Д.Д. Гримм, не опровергая приведенную позицию, в соответствии с которой добросовестность определяется через неведение, незнание определенных фактов, аргументированно изложил иную точку зрения. Ученый выдвинул тезис, согласно которому «римские юристы столь же основательно смешивали mala fides с нечестностью, как это практикуется и теперь», несмотря на то что «простая возможность предвиденья известных обстоятельств как таковая вовсе не содержит в себе ничего нравственно предосудительного»*(36). В конце работы он пришел к следующему выводу: «Хозяйственное значение bona fides вовсе не изменяется от того, смешивали ли или не смешивали римские юристы это понятие с честностью»*(37).

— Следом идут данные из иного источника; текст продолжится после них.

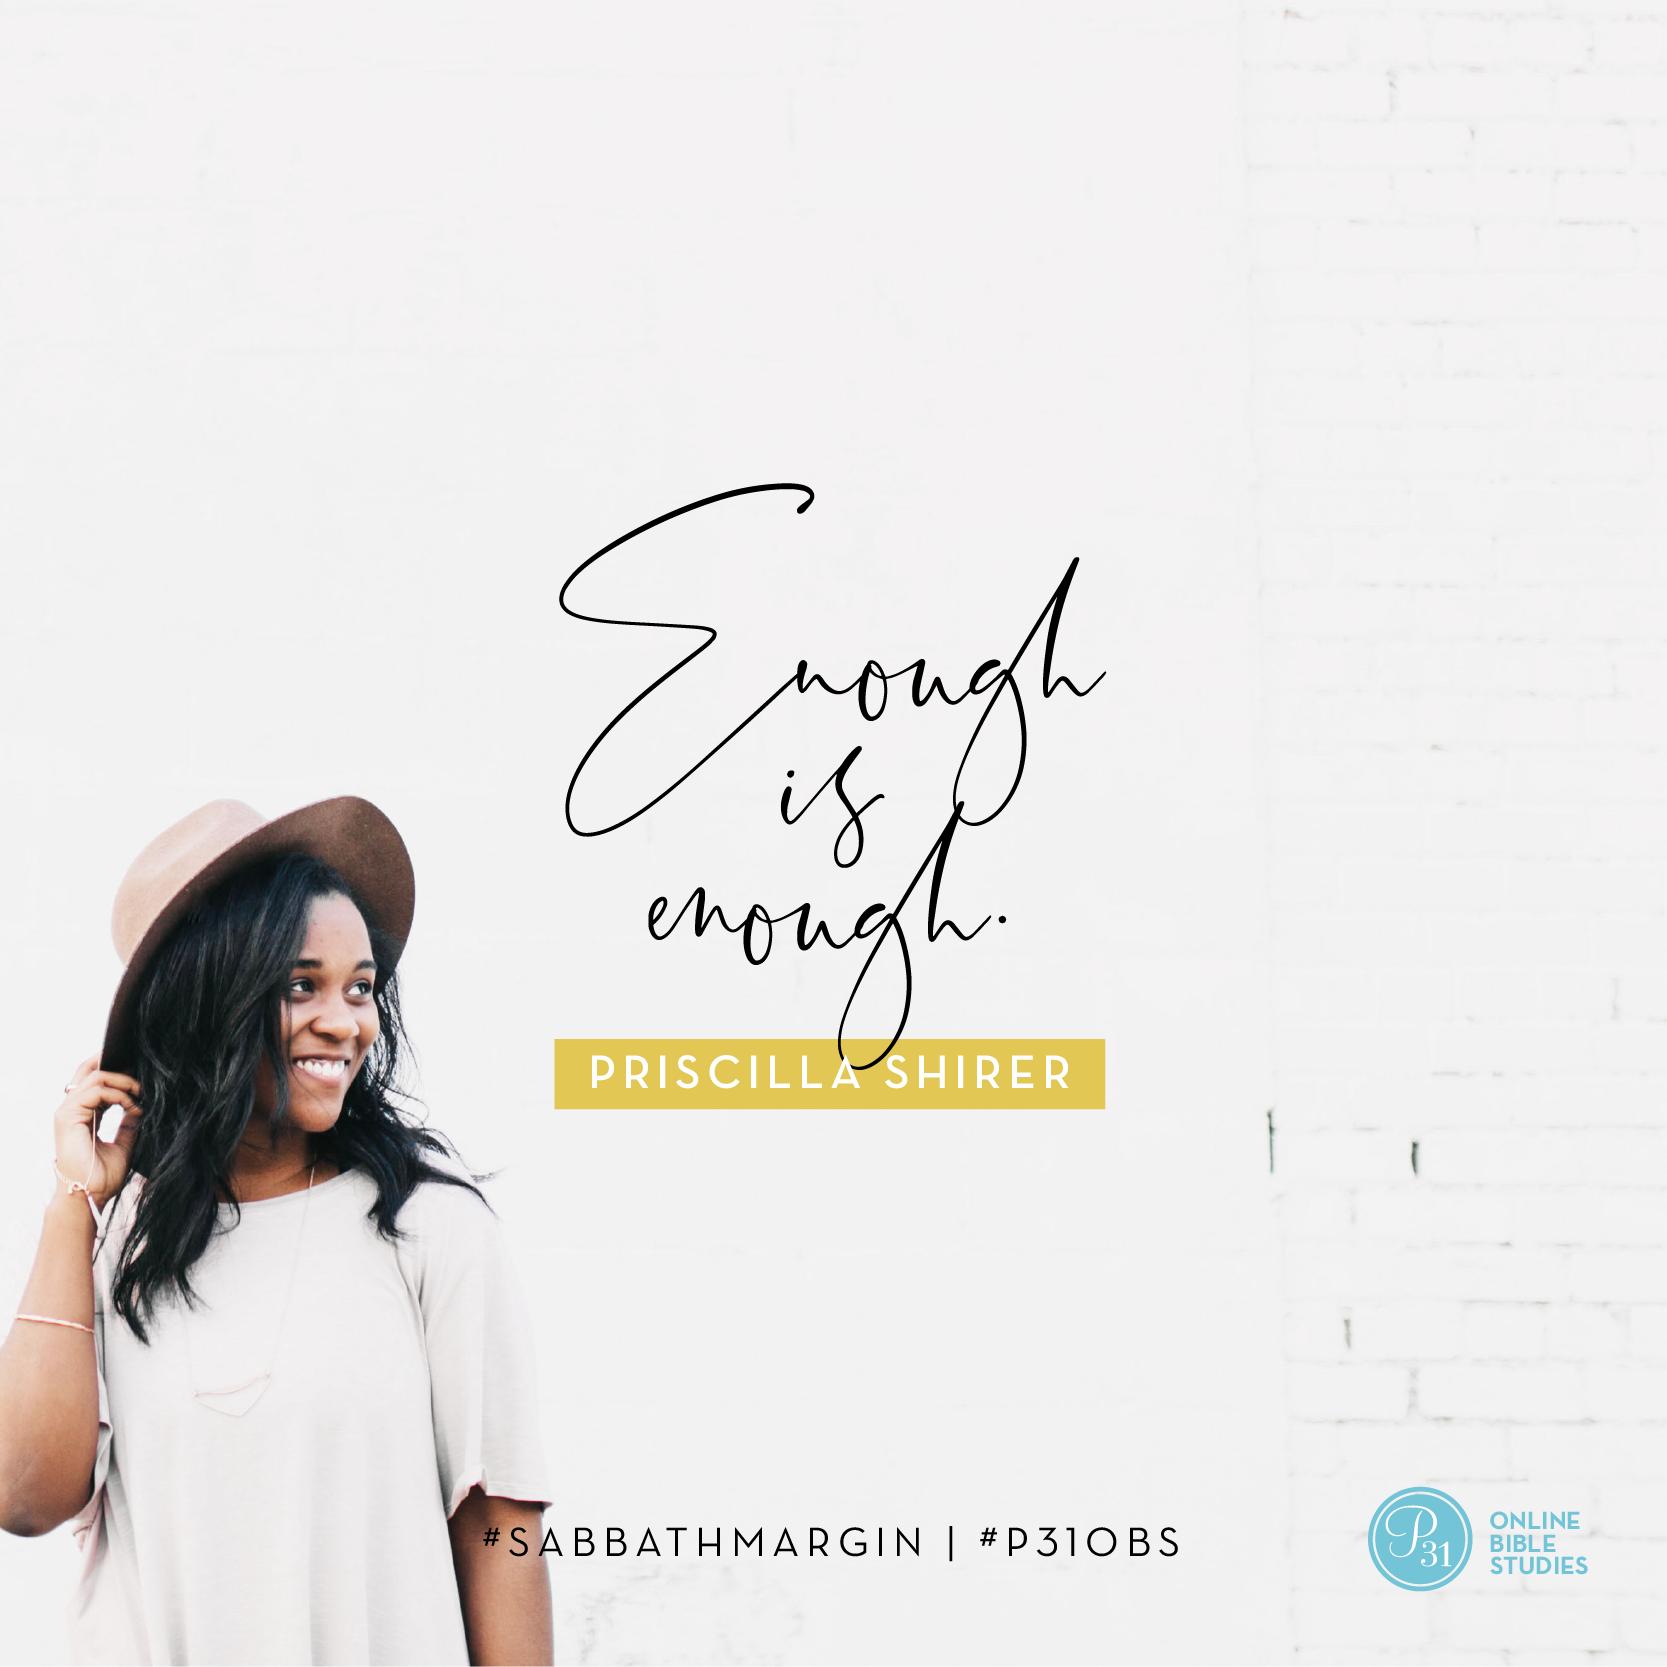 """Enough is enough."" - Priscilla Shirer #SabbathMargin | Proverbs 31 Online Bible Studies Week 2 #P31OBS"
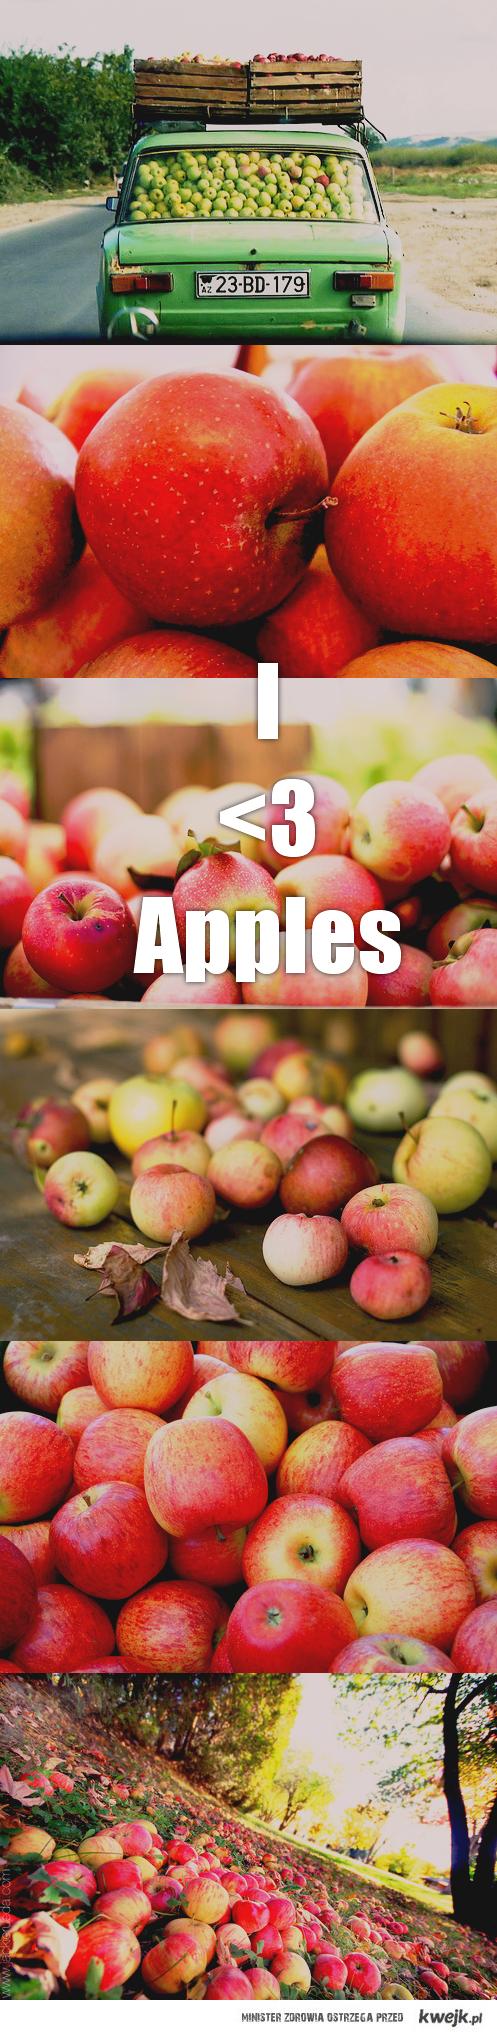 I <3 apples

Добросовестность, рассматриваемая с субъективных позиций, может быть охарактеризована не только через отрицание (неведение, незнание фактов), но и через утверждение (внутреннее убеждение субъекта в законности и обоснованности, честности его фактического владения). Так, Дернбург считал, что «bona fides» - это «честное убеждение», означающее убеждение в приобретении владения без обмана, без ущемления прав другого лица.
Как видим, рассматриваемая с таких позиций добросовестность тесно связана с приобретением права собственности на вещь, и в современном гражданском праве нашей страны она находит отражение в презумпции добросовестности приобретателя*(38) и в юридическом составе приобретательной давности*(39) (п.1 ст.234 ГК РФ).
Следует отметить, что не все исследователи считают необходимым включать добросовестность в состав приобретательной давности как один из элементов последней (как одно из требований, по мнению С.И. Вильнянского). Однако большинство ученых (например, Б.Б. Черепахин, Г.Н. Амфитеатров, Ю.К. Толстой) считают обязательным требование добросовестности в рамках приобретательной давности. Так, Б.Б. Черепахин выделял следующие элементы сложного юридического состава: «а) возмездная двусторонняя отчуждательная сделка; б) передача вещи, если она определяется родовыми признаками; в) добросовестность приобретателя (выделено мной. - В.В.); г) определенный порядок выбытия вещи из владения собственника (не похищена, не утеряна); д) не принадлежность вещи к объектам государственной собственности»*(40).
Л.И. Петражицкий, И.Б. Новицкий считали, что добросовестность с субъективной точки зрения имеет значение и для обязательственных правоотношений.
Как отмечалось, очень важную роль в исследовании категории добросовестности в цивилистике сыграла работа Л.И. Петражицкого «Права добросовестного владельца на доходы с точек зрения догмы и политики гражданского права». По мнению ученого, в интересах развития гражданского оборота, для повышения устойчивости, продуктивности народного хозяйства необходимо установить более строгие условия признания наличия доброй совести.
Л.И. Петражицкий различал две функции добросовестности - в области распределения и в области обращения хозяйственных благ: «Следует различать: 1. Значение и роль bonae fides и особого права bonae fidei в области распределения, а именно значение понятия добросовестности для политики обеспечения status quo установившегося фактически (по недоразумению) распределения. Здесь b.f. означает невозможность предвидеть угрожающее перераспределение, она является хозяйственной неподготовленностью к внезапному изменению status quo, а соответствующие нормы права исполняют функции смягчения неожиданного удара и предупреждают такое перераспределение, которое бы производило минус в народном благосостоянии. 2. Значение b.f. для политики обращения хозяйственных благ, для облегчения и ускорения движения полезности и ценности. Здесь особая система норм о b.f. облегчает сбыт и приобретение объектов, устраняя на стороне спроса сомнения относительно юридического успеха сделок»*(41).
В итоге, как представляется, речь может идти о признании за категорией добросовестности статуса правопорождающего факта. Добросовестный приобретатель не имеет возможности основывать свои права на вещь на правопреемстве прав от своего контрагента, так как такие права у неуправомоченного отчуждателя отсутствуют. Именно посредством добросовестности, по мнению законодателя, лицо приобретает право на вещь. По словам Г. Вульфа, «добросовестность имеет здесь большой вес».